Masking, social distancing, and other public health measures prevent the spread of infection. “So if people want to prevent getting infected that is what they need to do,” he said. 

In both vaccination rates and public health measures Tennessee ranks close to the bottom. As of last week, the state’s vaccination rate was 42%. There were 6,817 new cases reported last week. 
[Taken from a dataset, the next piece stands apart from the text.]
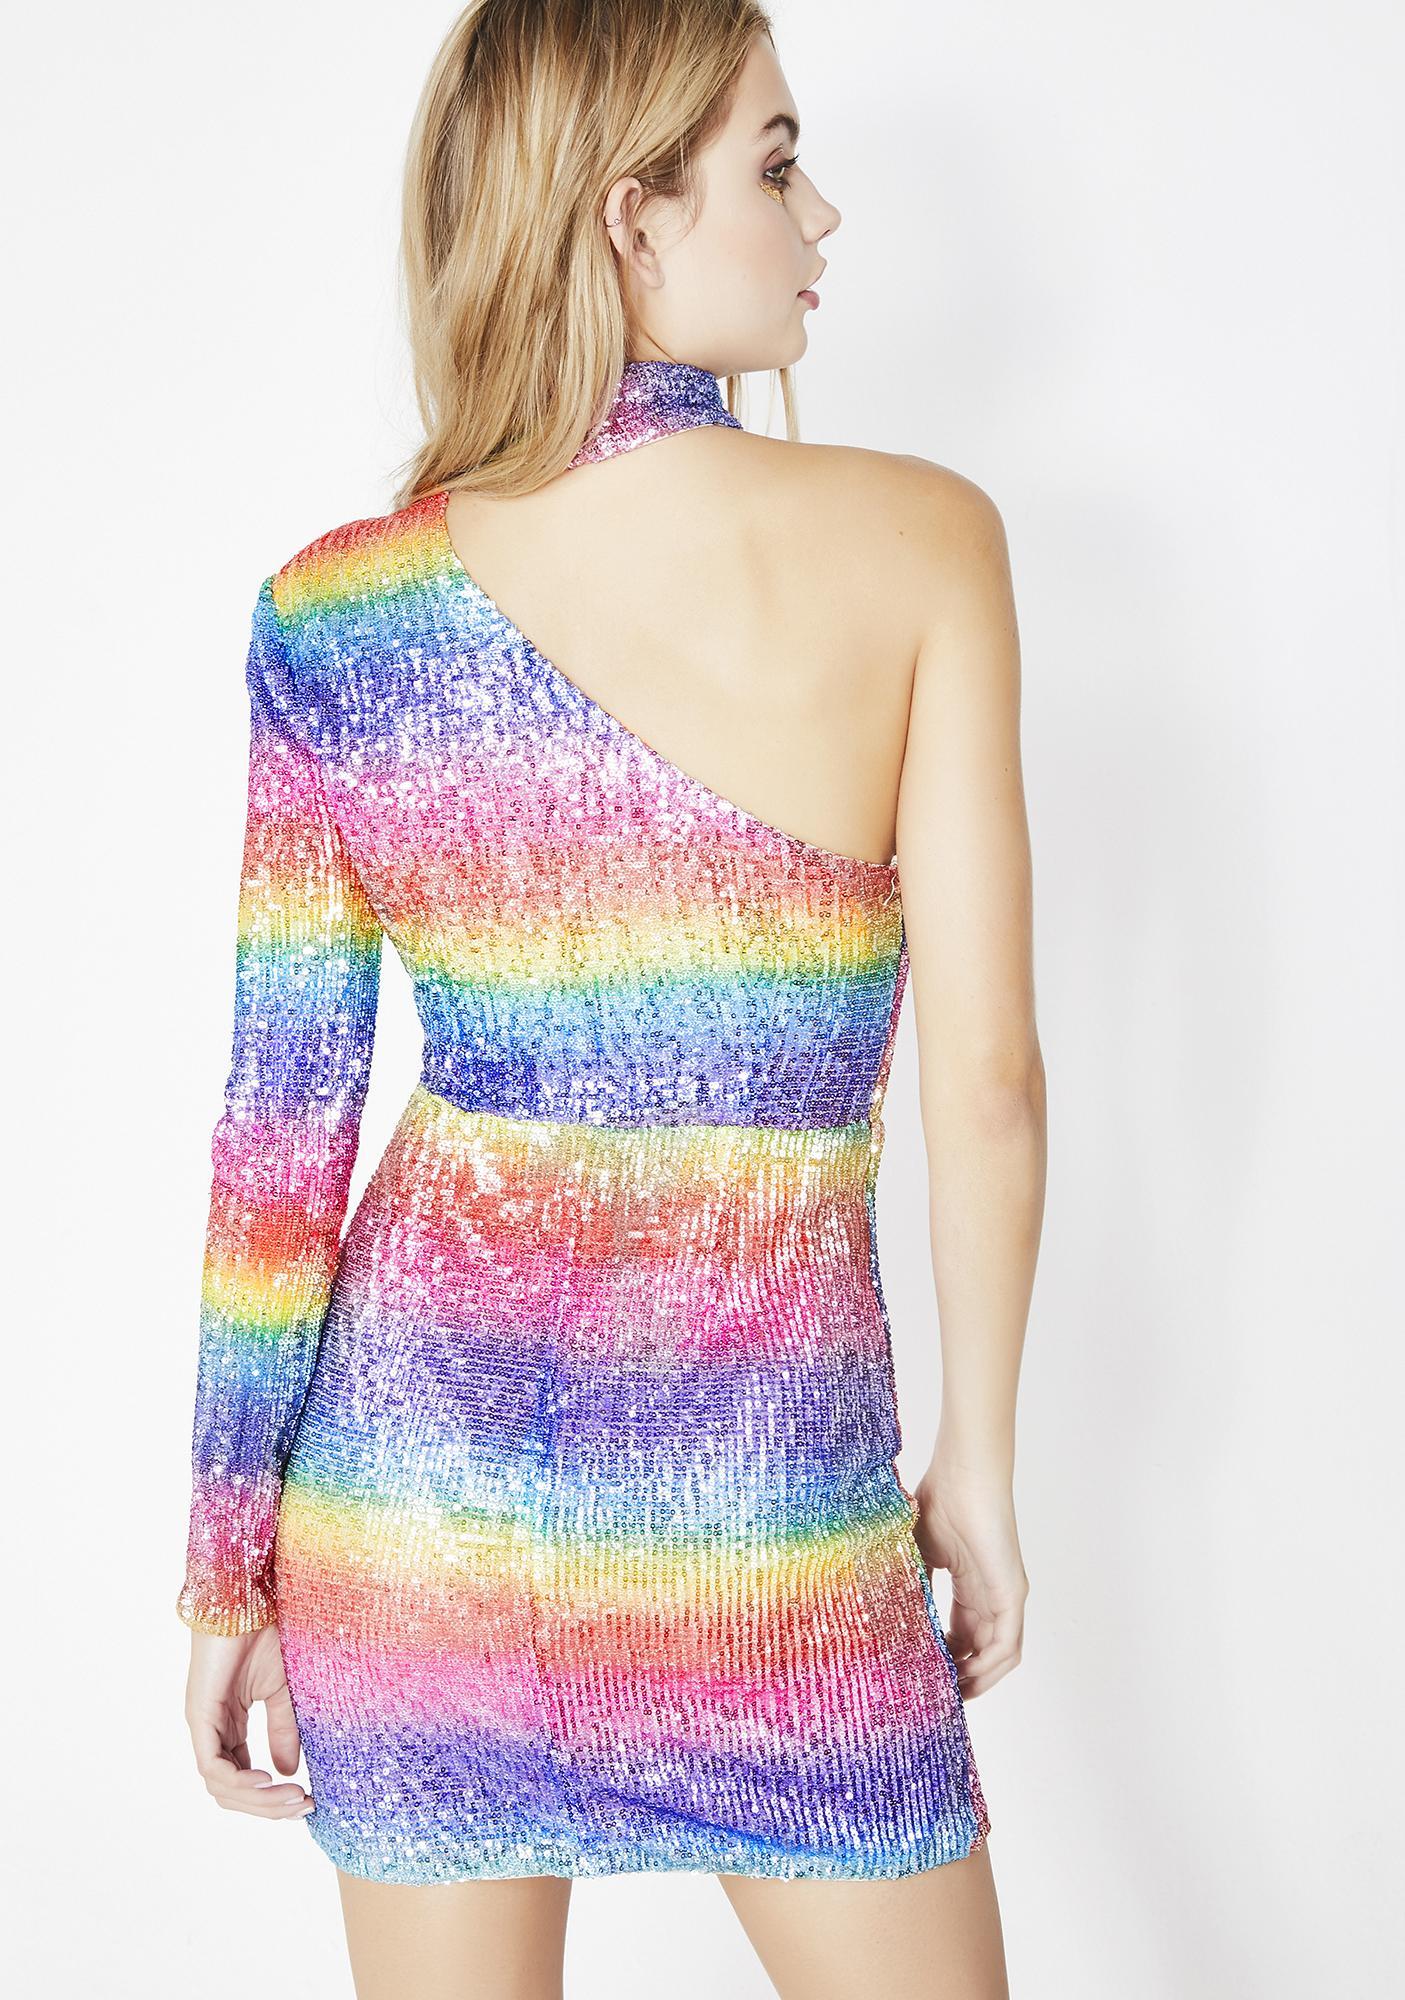 Rainbow Dream Girl Sequin Dress

The positivity rate in Tennessee on August 22 was 14.8%. That means almost 15% of tests came back positive. A rate above 10% is considered widespread infection and without lockdowns and enforced quarantines the pandemic will run amok. That is pretty much what COVID-19 is doing now. 

As of September 4, only 5% (107) of Tennessee’s 2,042 ICU beds were available.

TN Hospital Patients

Data from Tennessee Department of Health

TN Pediatric Patients

Data from Tennessee Department of Health

The numbers show Tennesseans are more at risk of infection, serious disease, and death than they were a year ago. Things are getting worse not better and we are nowhere near out of the woods with COVID-19 yet.